One example is a story about gratitude:

Physical limitation contains its opposite — freedom — because it jars us into prizing that which we can still do. Our capacities, like standing at a stove for hours, go largely unrecognized until threatened.

A friend in her early sixties has severe arthritis in her hands. She takes care of frail women in their eighties who have lost their way through dementia. Her hands sometimes make it hard for her to accomplish simple tasks, but the women are in no hurry. They are delighted by her humor and kindness, and they love the meals she places before them that are prepared with unfailing thoughtfulness. Alone in her house, my friend sometimes has to force away tears about her own future; but with the ladies, she feels the flush of every competence she continues to enjoy.
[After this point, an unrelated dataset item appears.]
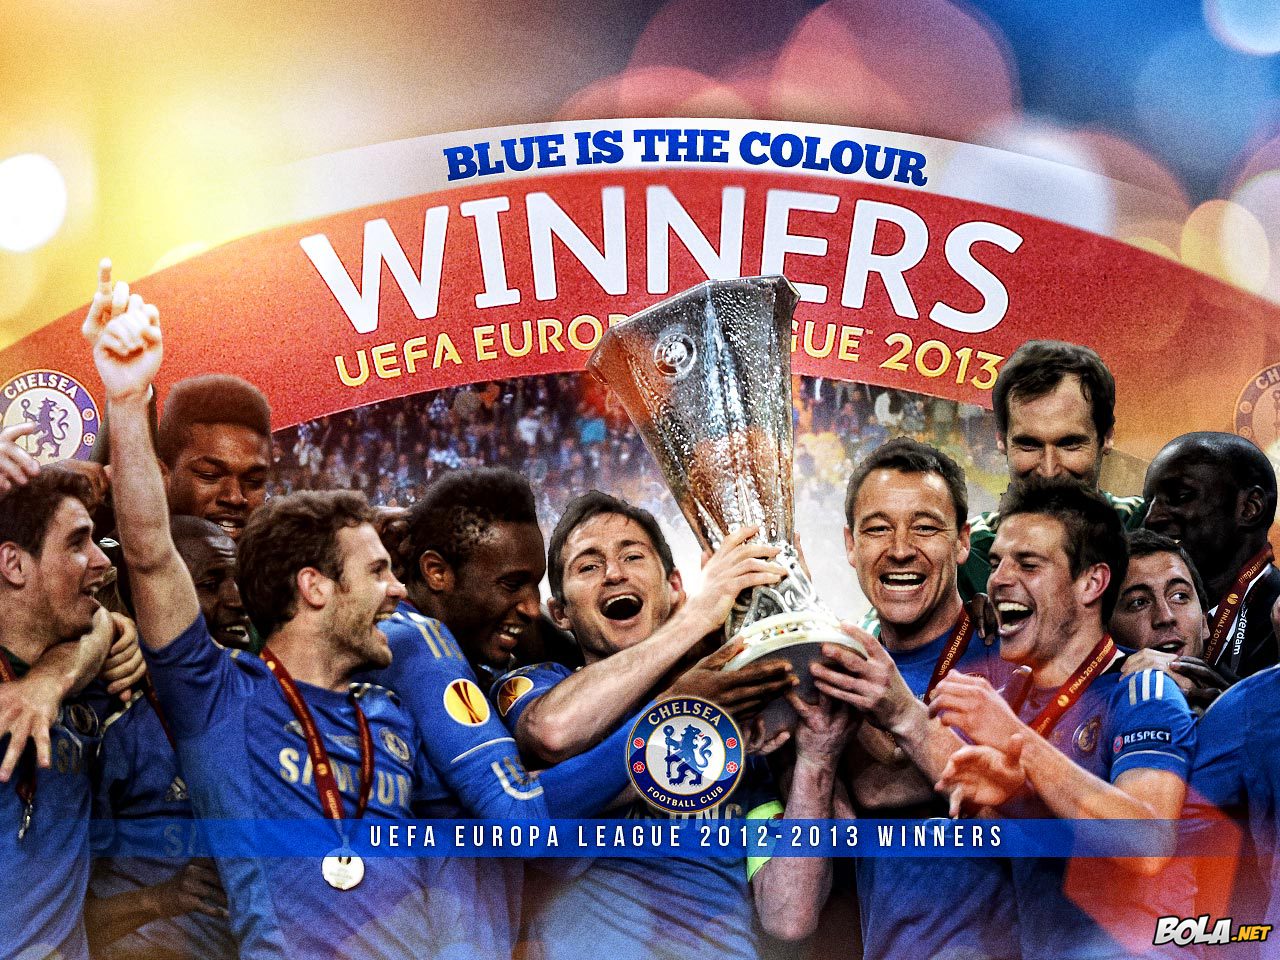 Deskripsi : Wallpaper Chelsea Europa League Winners, size: 1280x960

In considering the audience for this book, I could think of no age group that would not benefit from its information and wisdom. To those well into this last developmental stage, it explains why life is infinitely more satisfying than we were led to believe by our youth-focused culture. My hope, however, is that it will be more widely read by the entire population, especially by younger people who can then exercise a positive approach to their own aging process. A more universal understanding of this most important developmental stage can also lead to less bias and fear about aging. Readers of Itineraries may want to consider gifting this to members of a younger generation.

Wendy Lustbader is the author of several books and essays that have earned her a national reputation in the field of aging. A medical social worker, she holds the rank of Affiliate Associate Professor in the School of Social Work at the University of Washington. She is a skilled psychotherapist and experienced medical social worker. Her other books include: Taking Care of Family Members, 1993; Counting on Kindness, 1993; What’s Worth Knowing, 2004; and Hidden in Plain Sight, 2008.